One way is to note that each line from the vertex to the center of the pentagon is a perpendicular bisector of the interior angle of the pentagon. Therefore, all of these angles are equal. And of course, we know we have a regular pentagon. So all of the side lengths of the pentagon are side length 𝑥. And then by using the angle–side–angle criterion, we can show all five of these triangles are congruent. In particular, we can also show that all five of these triangles are isosceles because they have two equal angles.

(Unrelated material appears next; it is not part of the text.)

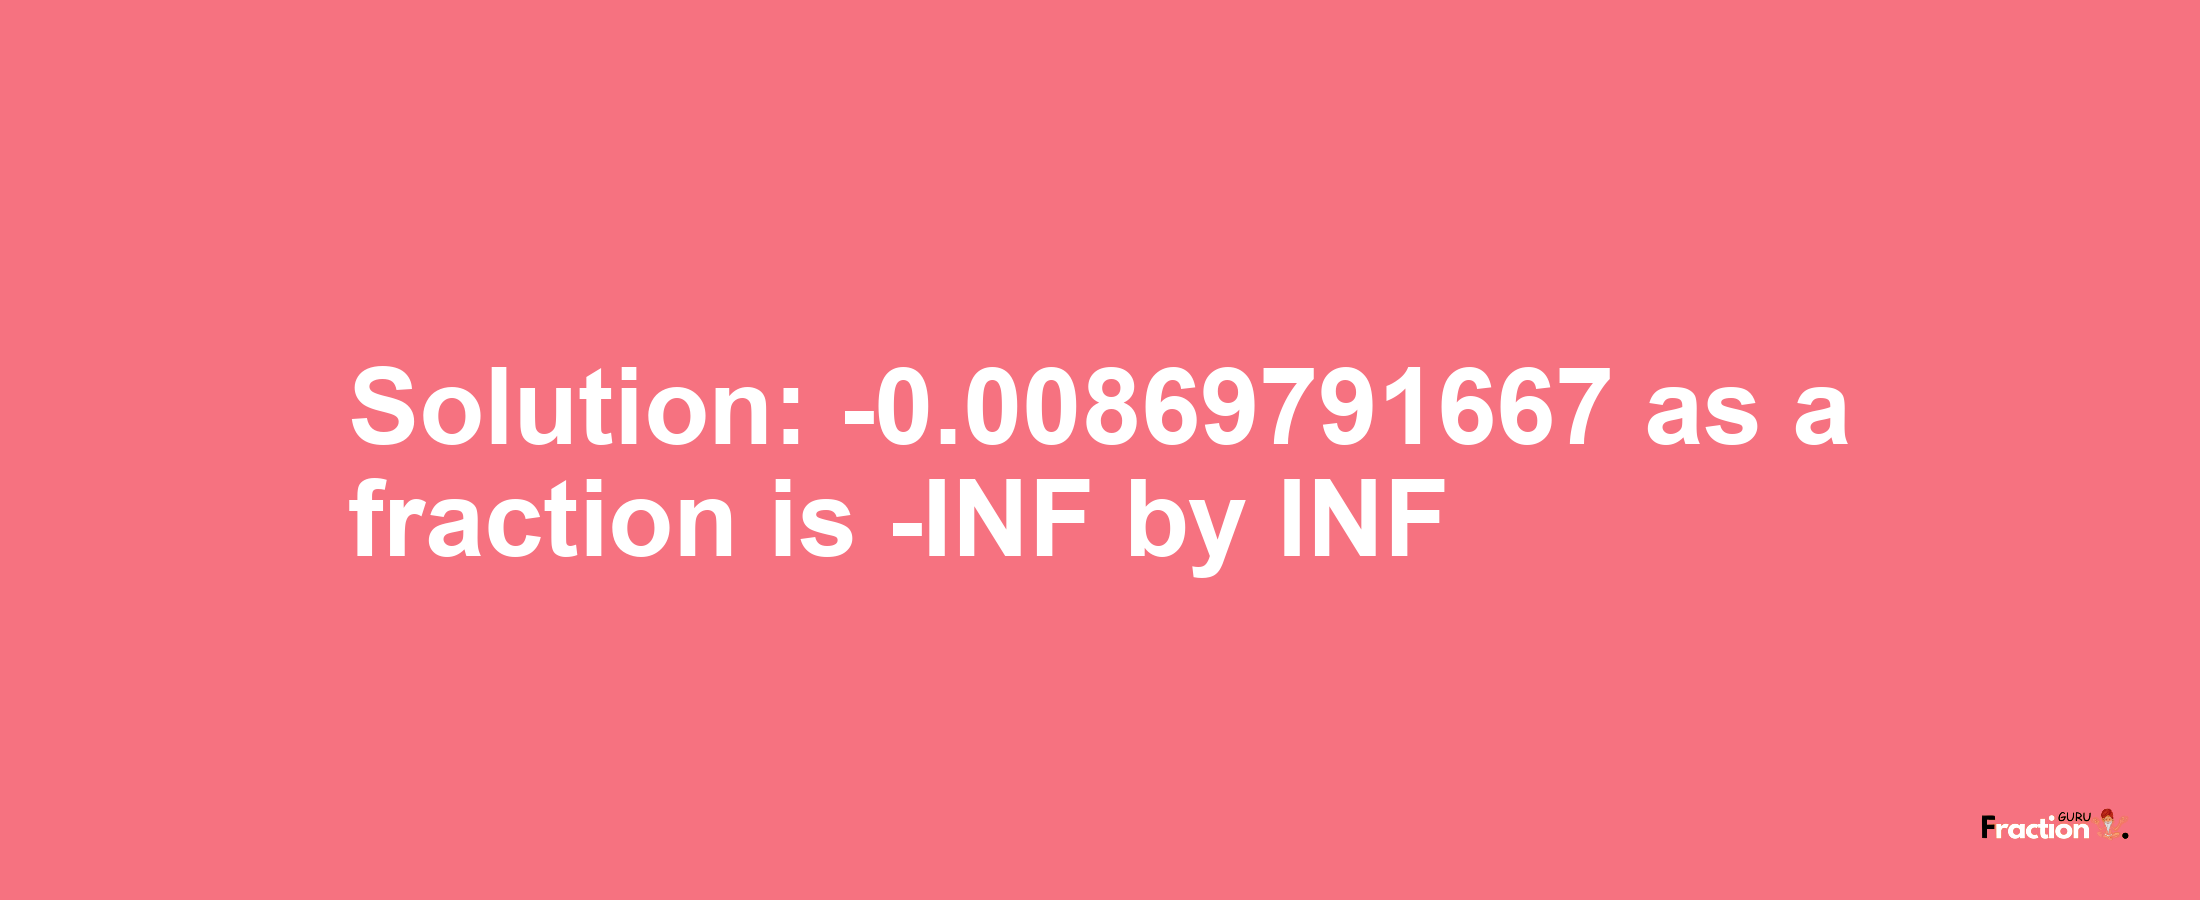 Solution:-0.00869791667 as a fraction is -INF/INF

Since these five triangles make up the pentagon and they’re all congruent, the area of the pentagon is five times the area of one of these triangles.
And we can recall the area of a triangle is one-half the length of the base multiplied by its perpendicular height. By using one of the side lengths 𝑥 as the base of this triangle, the area of one of these triangles is one-half 𝑥 multiplied by ℎ. To find the value of ℎ, we’re going to need to find the angle at the center of this pentagon. We know that each of the five triangles is congruent, so each of the five angles at the center of this pentagon are equal. And since these five angles sum to give a full revolution, the sum of their measures is two 𝜋. This means that they must have measure two 𝜋 by five.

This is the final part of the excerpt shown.